# Tech Chat 921



## rudolpht (Nov 6, 2002)

Think I hear $999 on the Tech Chat.

Will include DVI, RGB, and component outs. Firewire as a "future" turn on - JVC mentioned by name. NOT HD monitors.

Superdish looks like 105, 110, 119 for HD applications. Will need Superdish for all new HD.

Sounds like HDnet & HDnet Movies, STarz Encore, and Cinemax HD - ESPN still being negotiated. No date on turn on, but Superdish mentioned for 4th Qtr.

Tim


----------



## RAD (Aug 5, 2002)

STILL NO AVAILABILITY DATE ANNOUNCED FOR THE 921. DirecTV get the HD Tivo out and you have me back as a customer!


----------



## Lee L (Aug 15, 2002)

Also, no working demo, that would have been nice but I'm afraid that that is bad news for availability any time soon.


----------



## DenR (Jun 6, 2003)

Lee L said:


> Also, no working demo, that would have been nice but I'm afraid that that is bad news for availability any time soon.

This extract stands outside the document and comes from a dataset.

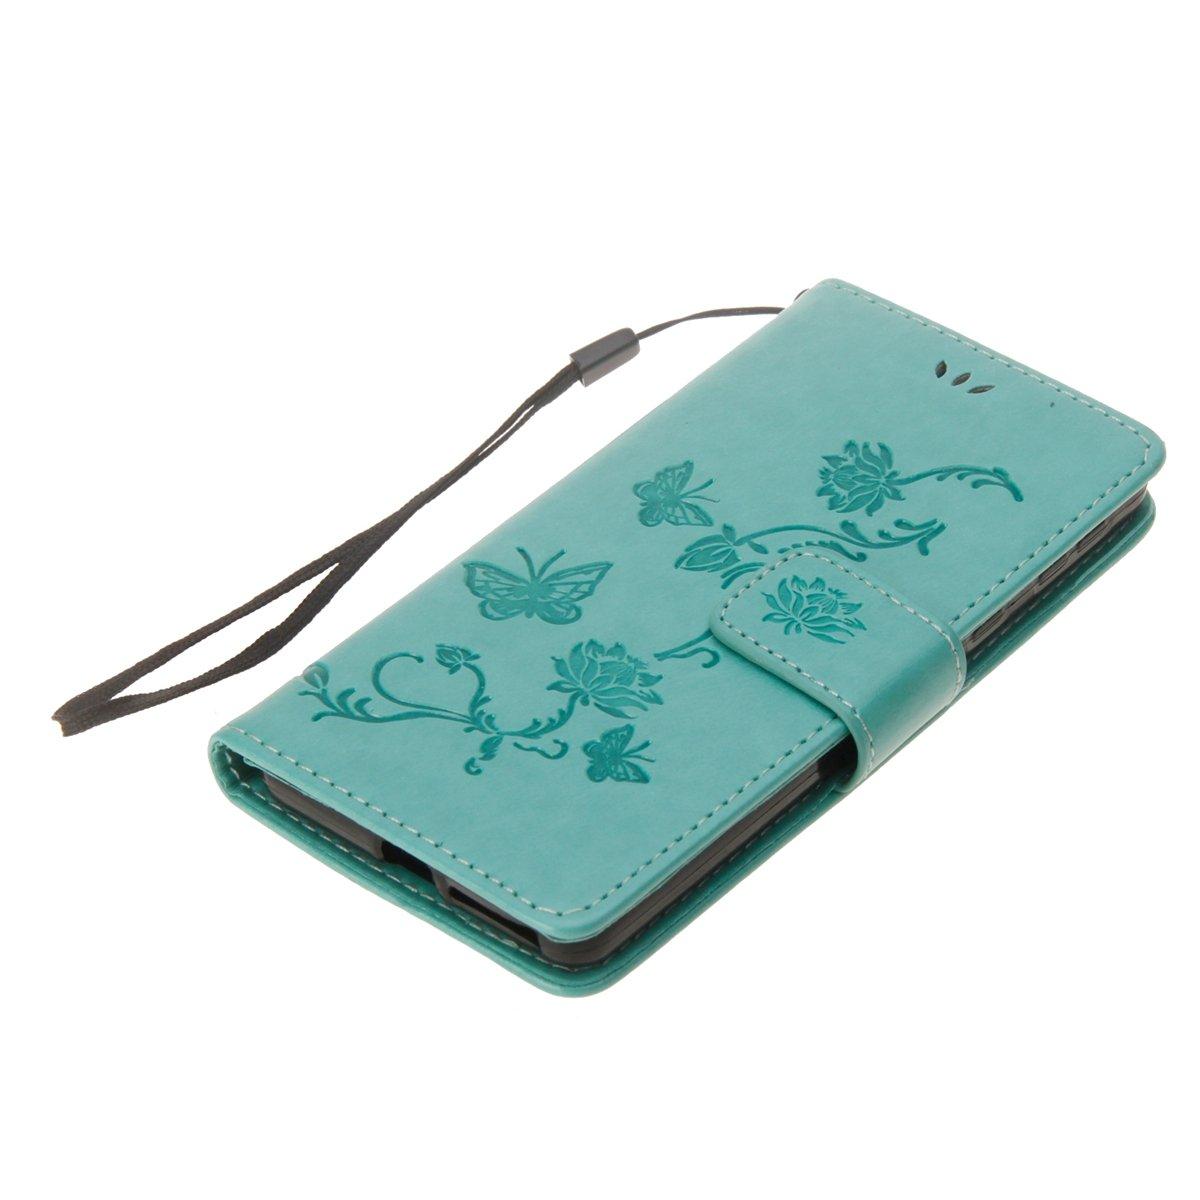 Herbests Kompatibel mit Sony Xperia E5 H/ülle Tasche Leder Flip Case Schmetterling Blumen Muster Retro Lederh/ülle Schutzh/ülle Handyh/ülle Wallet Cover Bookstyle Handytasche St/änder,lila

The fact that they gave the price is an indication that they are close to release. They have only done that in the past when production was just about to start.


----------



## Allen Noland (Apr 23, 2002)

$999 is right at my budget for this product. It will look good setting next to my 721. Hopefully I can sell my 1 1/2 year old 6000 with 8vsb/8psk for a couple of hundred.


----------



## Scott Greczkowski (Mar 21, 2002)

I feel the 811 will be out before the 921.

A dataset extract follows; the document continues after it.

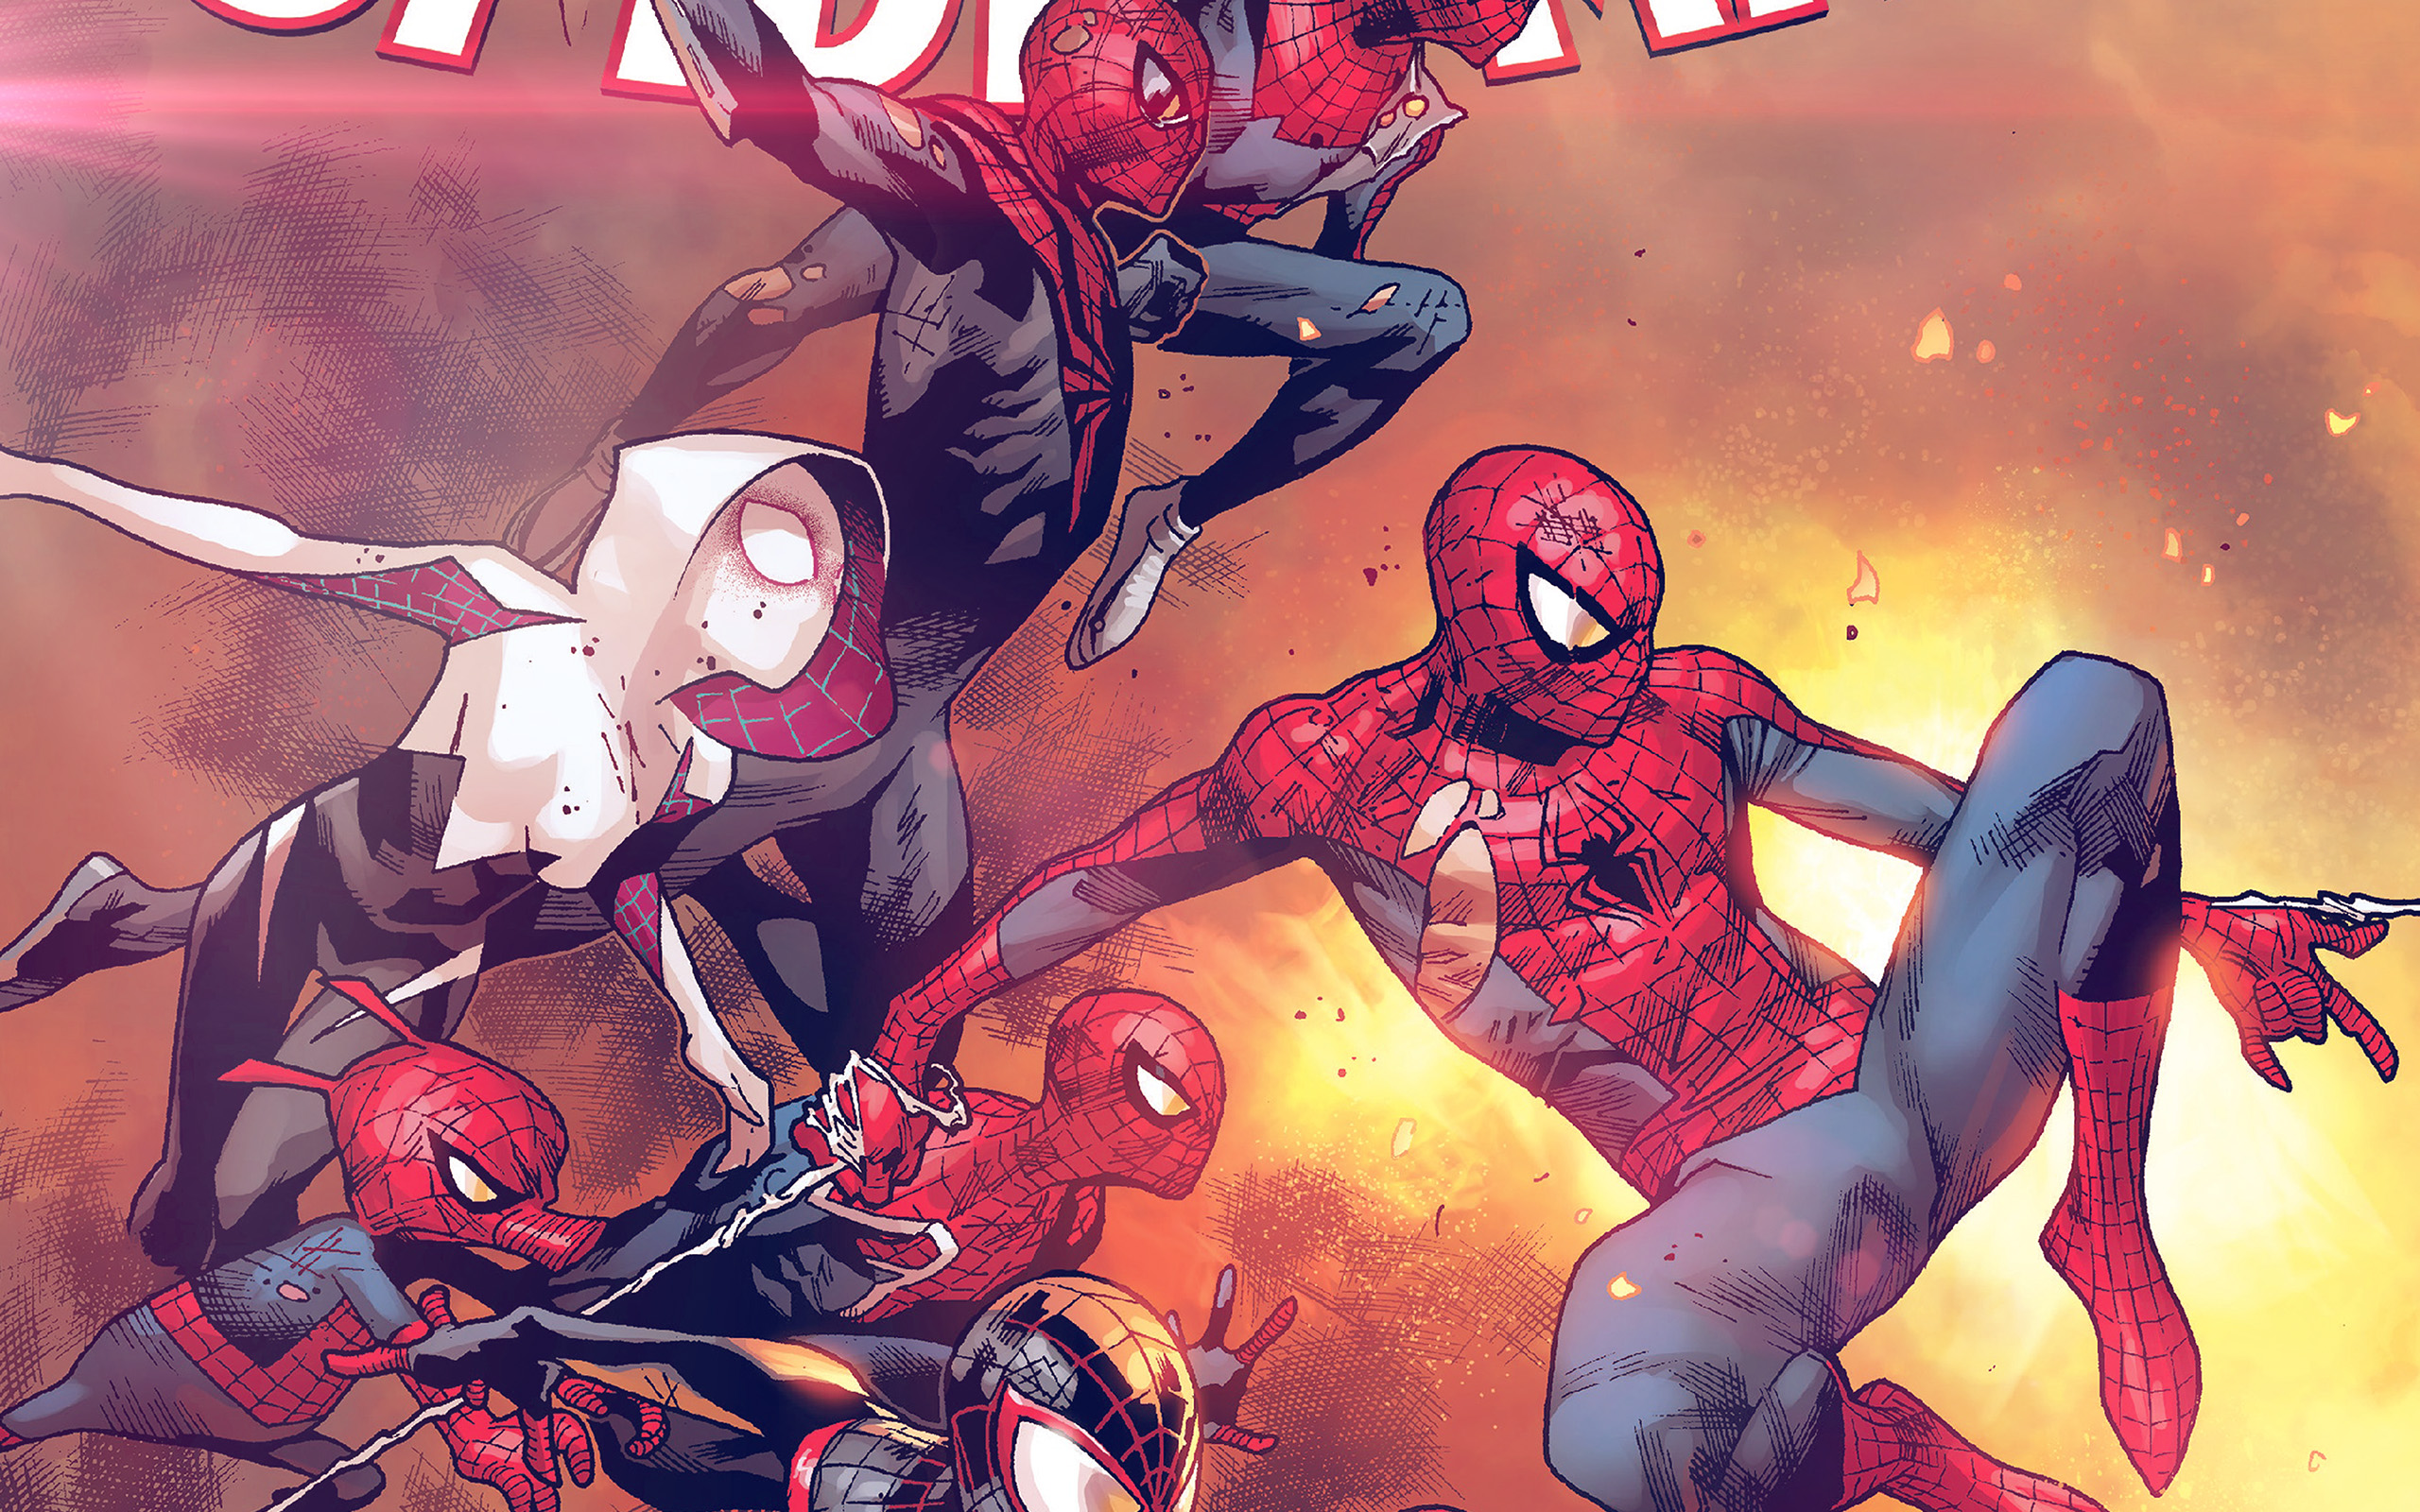 Large Hd Wallpapers For Laptop Al98 Amazing Spiderman Marvel Art Hero Film Anime Flare

If you look the 811 is the same as a Dish 6000 however parts of the case are now silver colored. The insides are basicly the same as a 6000 but new main board which has more memory and different software.


----------



## BobMurdoch (Apr 24, 2002)

OK, how soon until Mark at DishDepot reactivates the 921 preorder link?

Now that I know that the price will NOT be $1500, I'm comfortable placing an order now.

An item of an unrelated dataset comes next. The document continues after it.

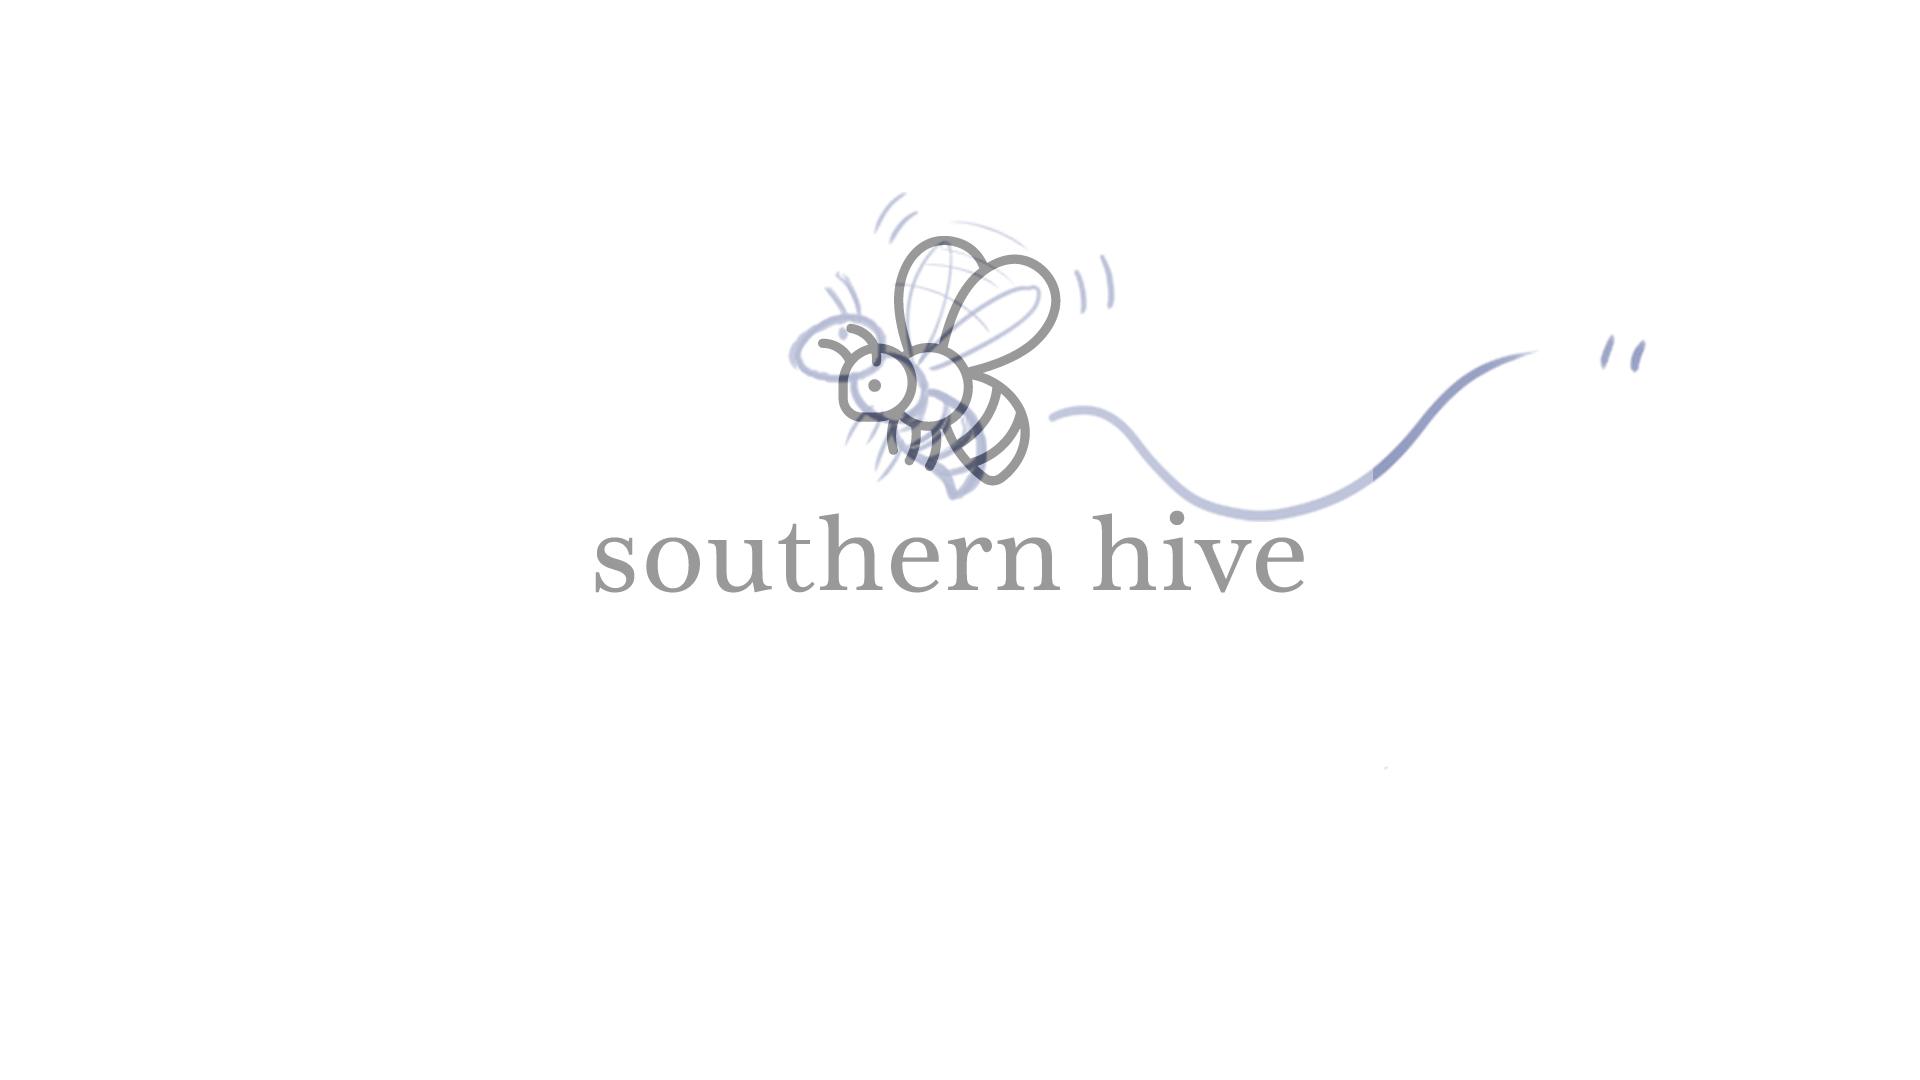 TM_SouthHive_V2_0038_Layer Comp 39.jpg

I'm guessing that Mark's revenues are going to spike just a tad when this unit finally drops....


----------



## SParker (Apr 27, 2002)

Well I know Mark at Dish Depot will do a trade in on my 721 for the 921 but I will wait and see. I am sure they will be hard pressed getting stock in anyways for a while.


----------



## Scott Greczkowski (Mar 21, 2002)

If you order from Mark, please thank him for his support of DBSTalk.COM! Who do you think has been providing all the equipment we have been giving away.


----------



## BobMurdoch (Apr 24, 2002)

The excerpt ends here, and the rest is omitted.